NOTE There is a gotcha here, fs mode is octal and should start with 0 eg 0644 (-rwxr--r--), however it will be decimal value 420 when queried later via kubernetes api.
Create the ignition configurations:
Rename worker.ign to compute.ign, as later steps in the process are configured to point at compute.ign.

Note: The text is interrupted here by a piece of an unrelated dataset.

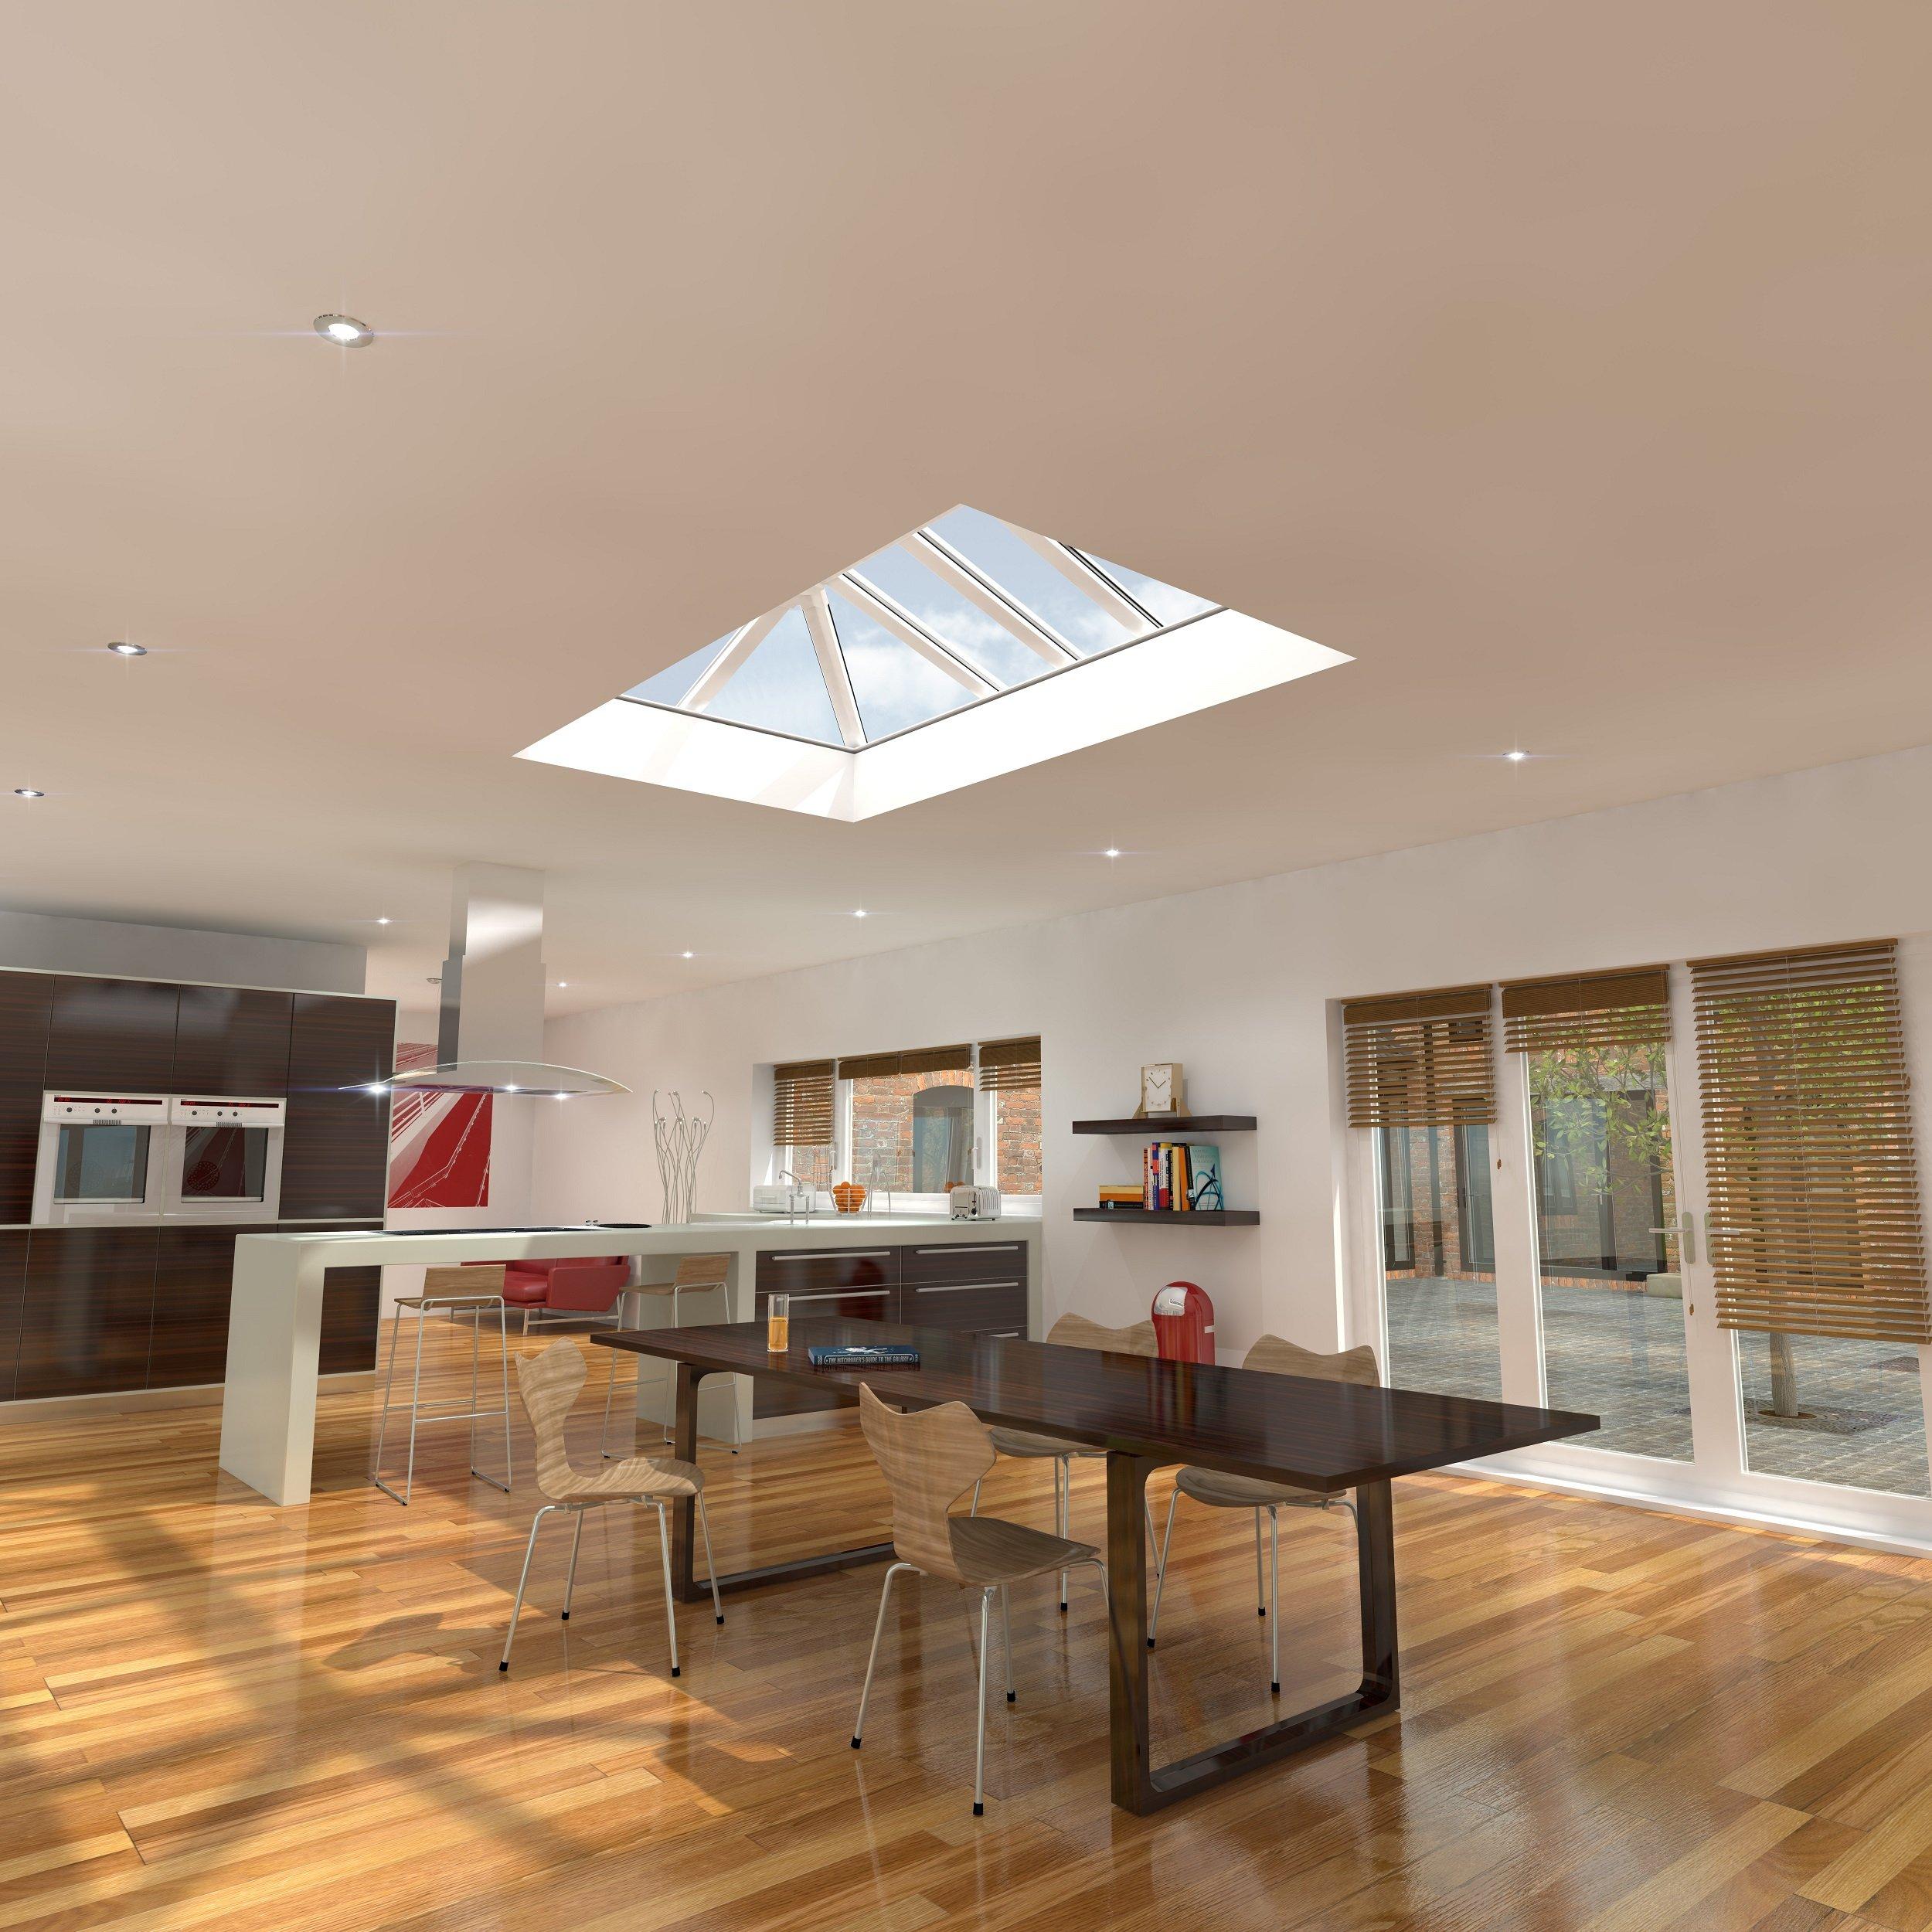 Skypod rooflight Derby Trade Windows

openshift-install create ignition-configs --dir=/home/dkirwan/ocp-ci-centos-org
INFO Consuming OpenShift Install (Manifests) from target directory  
INFO Consuming Common Manifests from target directory  
INFO Consuming Master Machines from target directory  
INFO Consuming Worker Machines from target directory  
INFO Consuming Openshift Manifests from target directory

# Should have the following layout
.
├── auth
│   ├── kubeadmin-password
│   └── kubeconfig
├── bootstrap.ign
├── master.ign
├── metadata.json
└── compute.ign

NOTE for production ie ocp.ci we must perform an extra step at this point, as the machines have 2 hard disks attached. We want to ensure that /dev/sdb gets its partition table wiped at bootstrapping time, so at a later time we can configure the Local Storage Operator to manage this disk drive.
Modify the master.ign and compute.ign ignition files with the following:

+   "storage":{"disks":[{"device":"/dev/sdb","wipeTable":true}]},
-   "storage":{},

1.1.9. Creating Red Hat Enterprise Linux CoreOS (RHCOS) machines
Prerequisites:
Obtain the Ignition config files for your cluster.
Configure suitable PXE or iPXE infrastructure.
Have access to an HTTP server that you can access from your computer.
Have a load balancer eg Haproxy available
You must download the kernel, initramfs, ISO file and the RAW disk files eg:
https://mirror.openshift.com/pub/openshift-v4/dependencies/rhcos/4.3/latest/
These files should be copied over to a webserver which is accessible from the bootstrap/master/compute instances.
1.1.9.2. “Configure the network boot infrastructure so that the machines boot from their local disks after RHCOS is installed on them. “
Existing CentOS PXE boot configuration Ansible example
Example RHCOS PXE boot configuration here
**1.1.10. Once the systems are booting and installing, you can monitor the installation with: ./openshift-install --dir=/home/dkirwan/ocp-ci-centos-org wait-for bootstrap-complete --log-level=info
Once the master nodes come up successfully, this command will exit. We can now remove the bootstrap instance, and repurpose it as a worker/compute node.
Run the haproxy role, once the bootstrap node has been removed from the ocp-ci-master-and-bootstrap-stg ansible inventory group.
Begin installing the compute/worker nodes.
Once the workers are up accept them into the cluster by accepting their csr certs:

# List the certs. If you see status pending, this is the worker/compute nodes attempting to join the cluster. It must be approved.
oc get csr

# Accept all node CSRs one liner
oc get csr -o go-template='{{range .items}}{{if not .status}}{{.metadata.name}}{{"\n"}}{{end}}{{end}}' | xargs oc adm certificate approve

1.1.11. Logging in to the cluster. At this point the cluster is up, and we’re in configuration territory.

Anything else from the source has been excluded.